Na época, Javier Duarte do Partido da Revolução Institucional (PRI) era governador de Veracruz. Durante sua gestão, 17 trabalhadores da mídia foram assassinados no estado, três desapareceram sem deixar vestígios. Havia uma chamada lista negra de jornalistas que desagradavam Duarte e seu influente antecessor e padrinho político Fidel Herrera, e que eram, por isso, espionados. Veracruz era o estado mais perigoso para jornalistas.

Investigações sem resultado

O Ministério Público regional controlado por Duarte lançou a tese segundo a qual o assassinato teria a ver com o narcotráfico. López Velasco, segundo essa teoria, teria desagradado um traficante de drogas conhecido como El Ñaca. Pouco depois, os procuradores arquivaram o caso. Duarte foi posteriormente condenado a nove anos de prisão por corrupção.

Yolanda Ordaz de la Cruz
Yolanda Ordaz de la Cruz criticou as investigações da morte do colega até se tornar mais uma vítimaFoto: EPA/Notiver/dpa/picture alliance

Em 2012, sob pressão de defensores dos direitos humanos, o Congresso do México aprovou uma lei para proteger jornalistas e ativistas em risco. Desde então, segundo Flores, mais de 1.500 mexicanos, incluindo 500 jornalistas, já foram beneficiadas por ela.

Mas Balbina Flores diz que o mecanismo de proteção é burocrático e lento. "De acordo com a lei, as autoridades devem responder em até 12 horas após um pedido de socorro, seja disponibilizando patrulhas regulares de polícia, guarda-costas ou, em casos extremos, organizando acomodação em lugar seguro. Na prática, porém, isso leva até duas semanas."

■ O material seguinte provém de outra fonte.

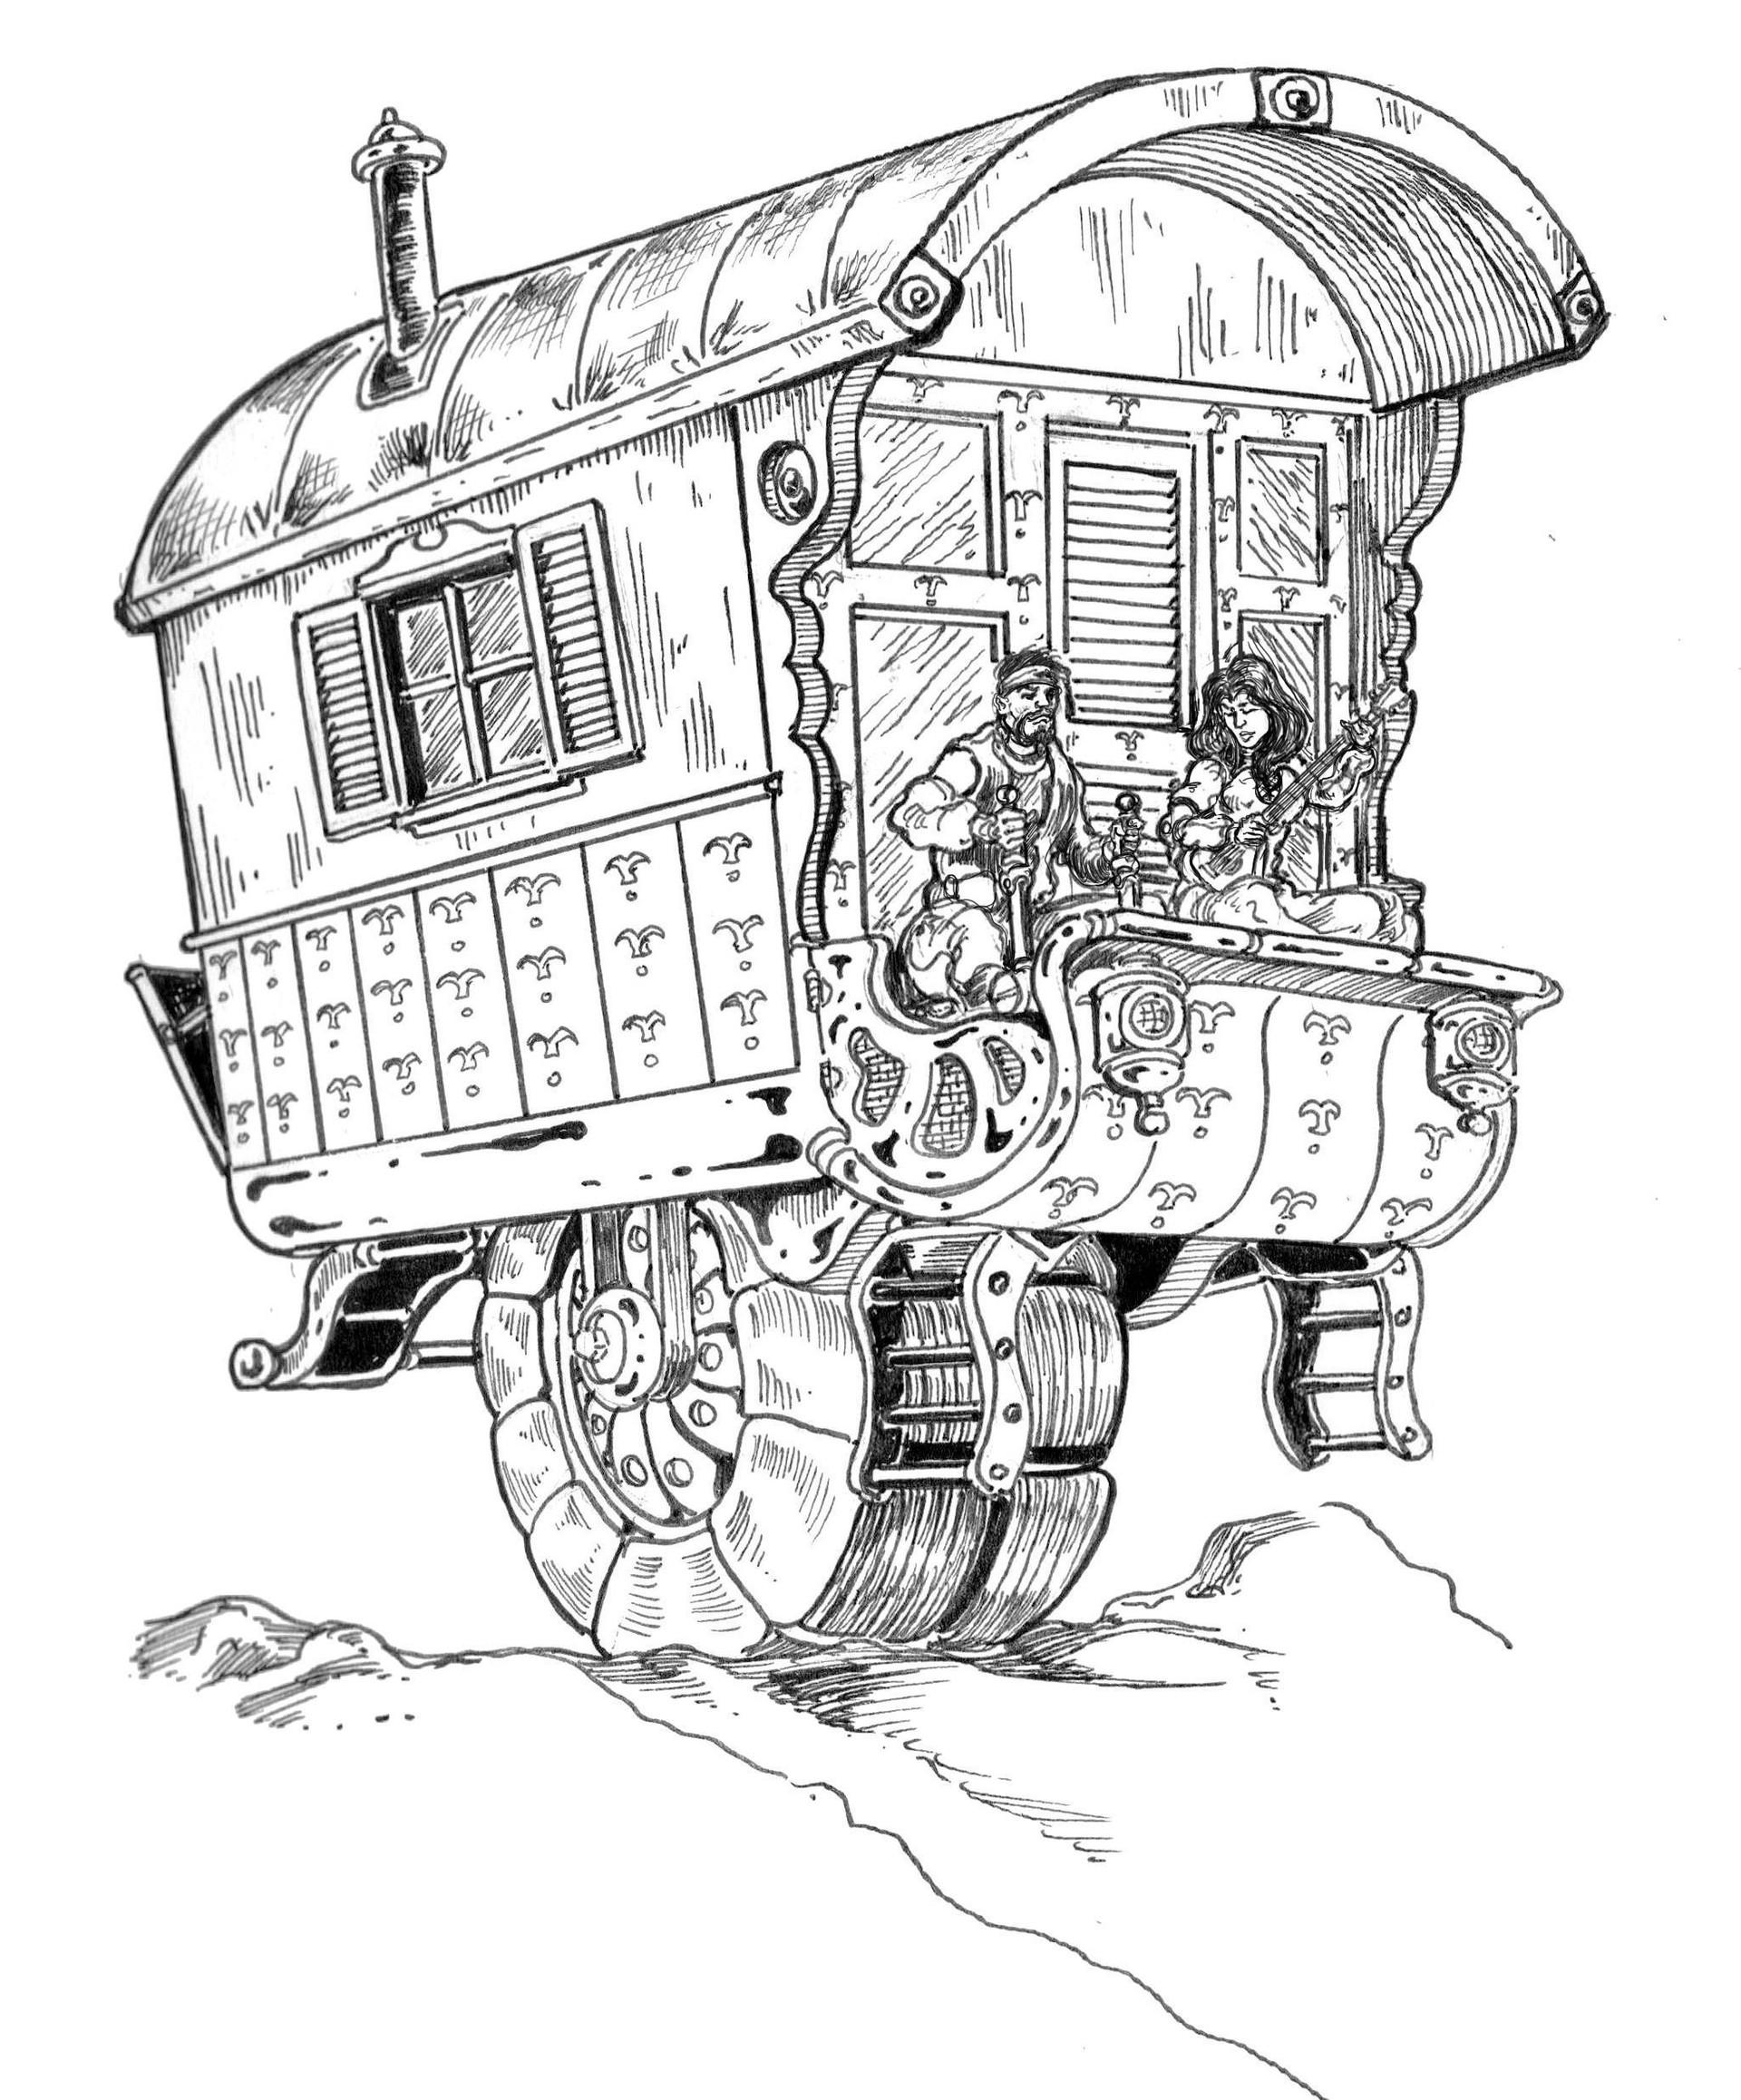 Vincent bryant 12 gypsy wagon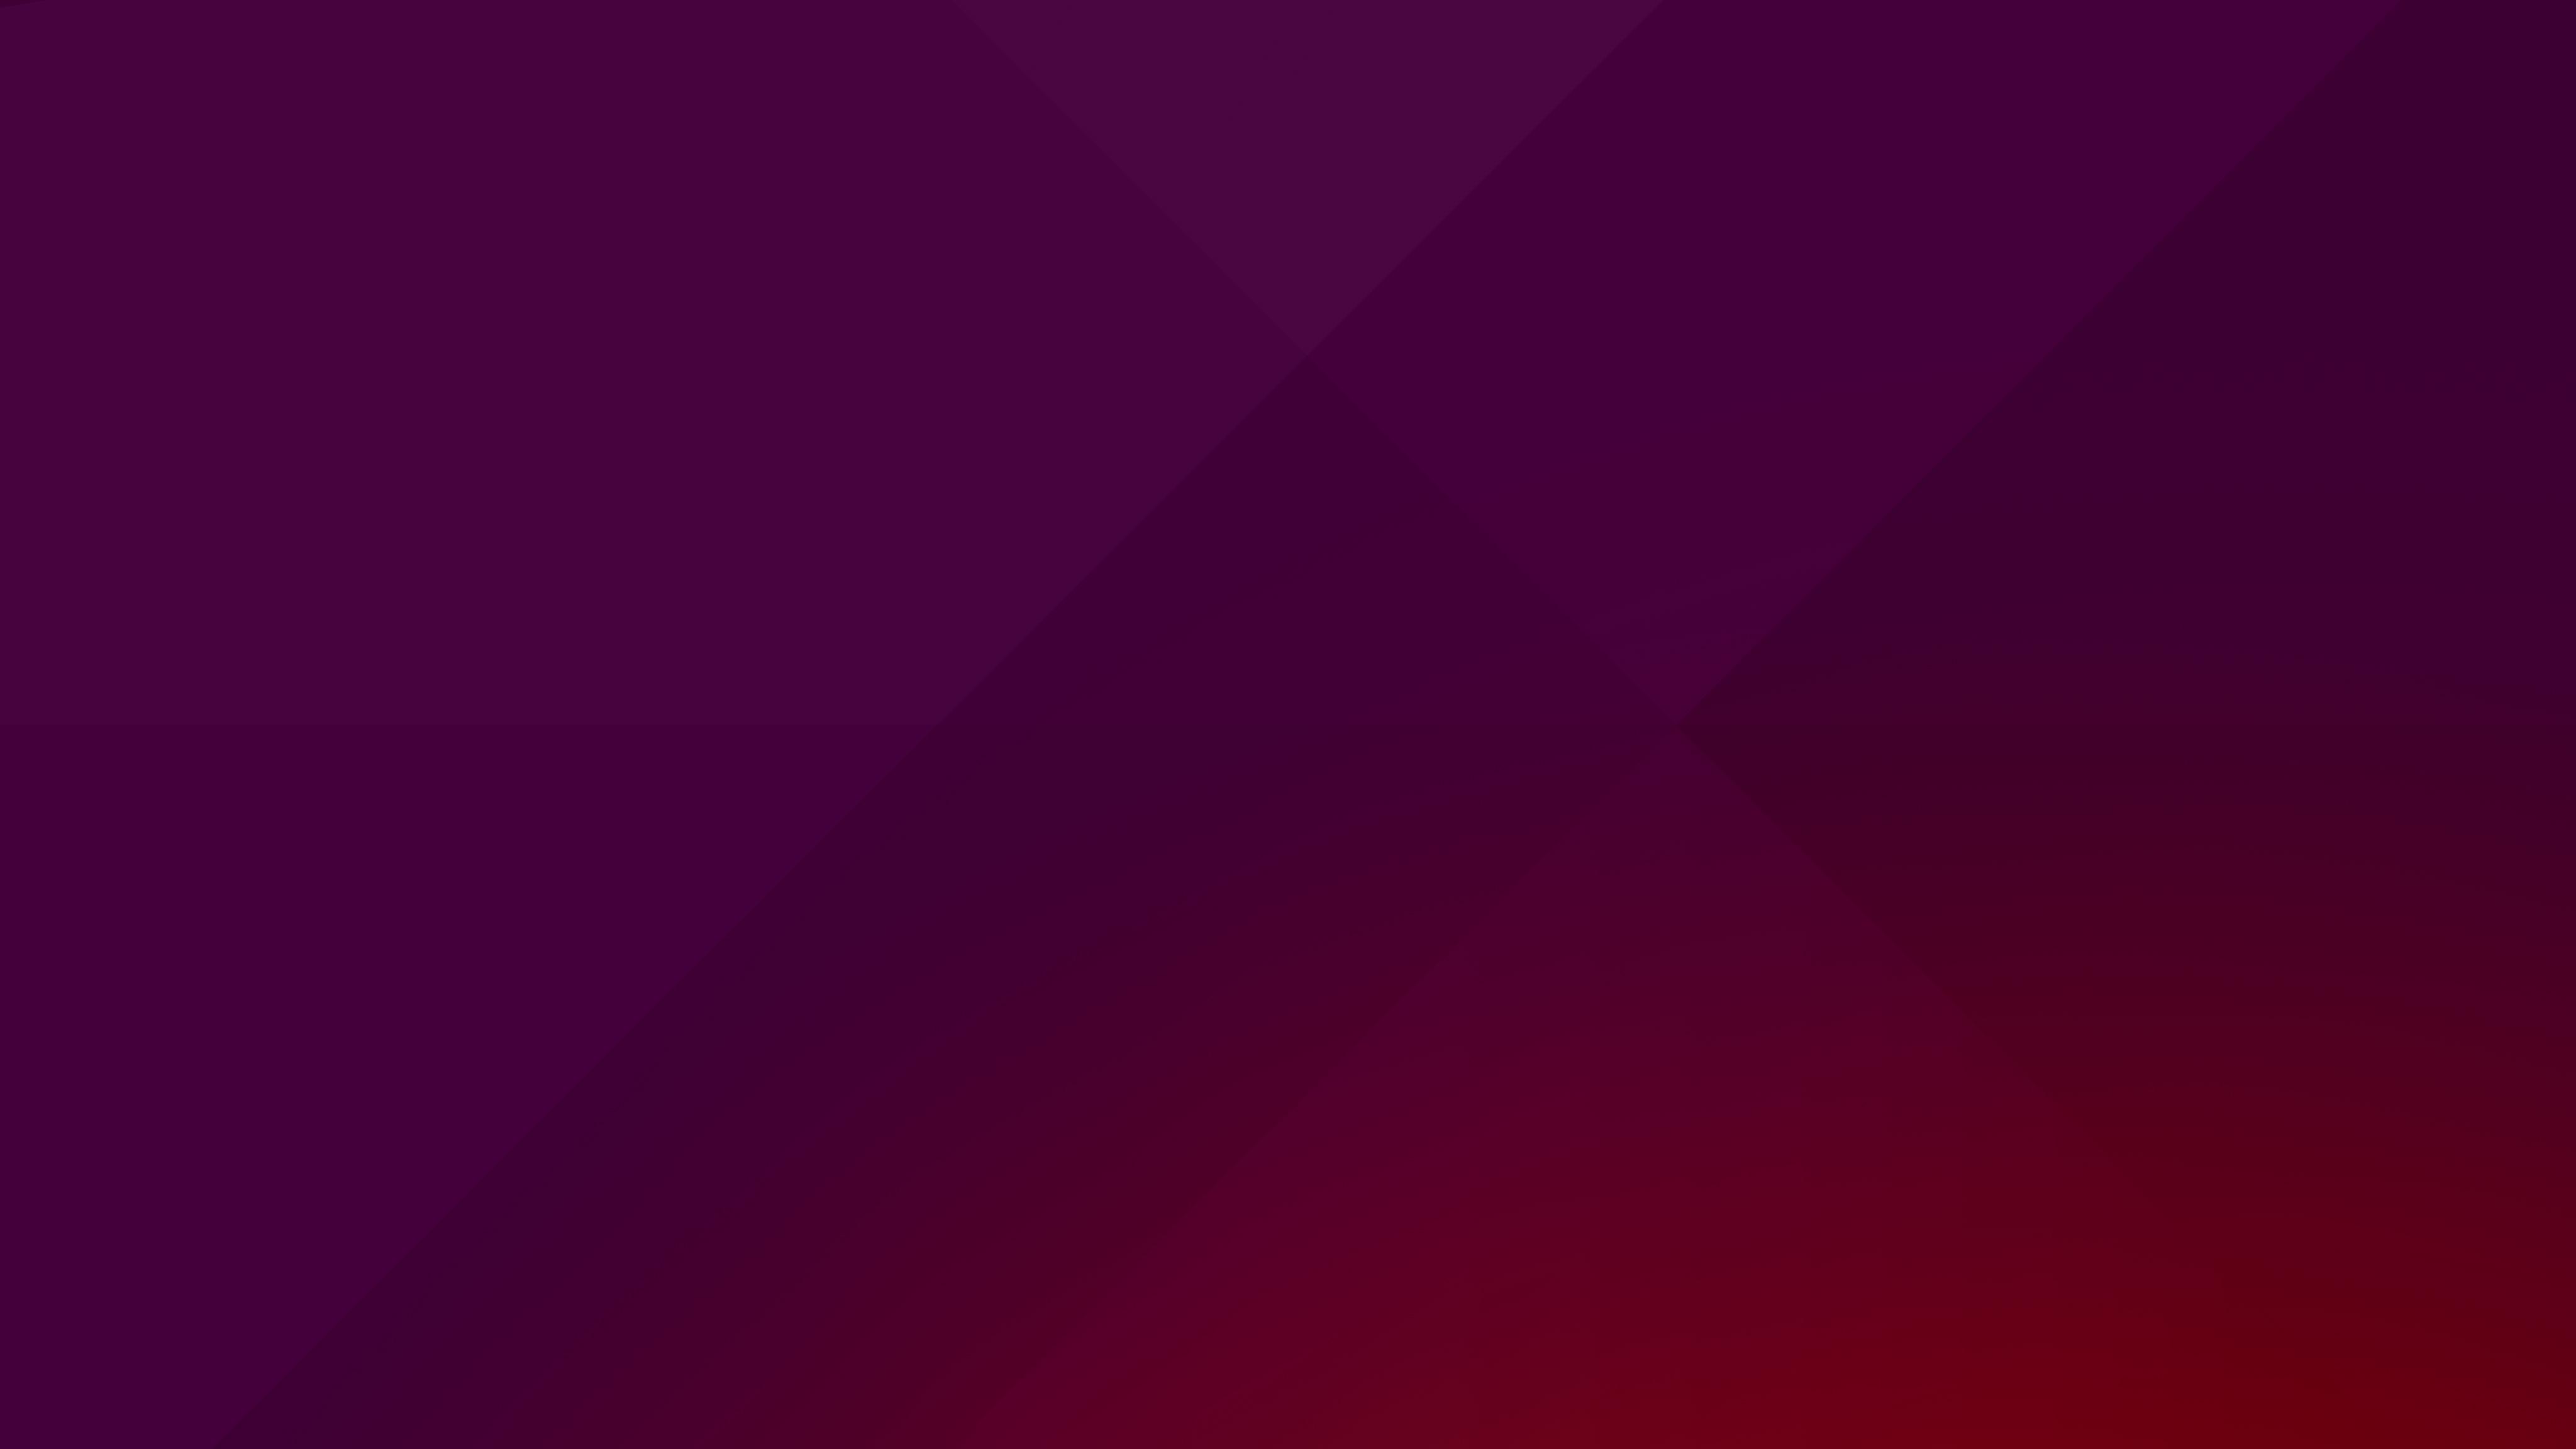 Ubuntu Wallpapers from Ubuntu 410 Warty Warthog to Ubuntu 1504 4096x2304

Proteger jornalistas não é prioridade política

Em dezembro de 2018, Andrés Manuel López Obrador assumiu o governo mexicano e prometeu uma mudança drástica na política de segurança. No entanto, pouca coisa mudou. Segundo dados oficiais, 43 jornalistas e 68 ativistas foram assassinados desde que ele tomou posse. "Na maioria dos casos, houve antes ameaças de morte", diz Flores. Dos sete jornalistas mortos este ano, dois solicitaram medidas de proteção, mas estas chegaram tarde demais", diz a funcionária da Repórteres Sem Fronteiras.

Uma reforma da lei de proteção, elaborada em cooperação com comitês de jornalistas, está em espera no Congresso; o orçamento da autoridade responsável não foi aumentado. "O assunto não é uma prioridade política", lamenta Flores.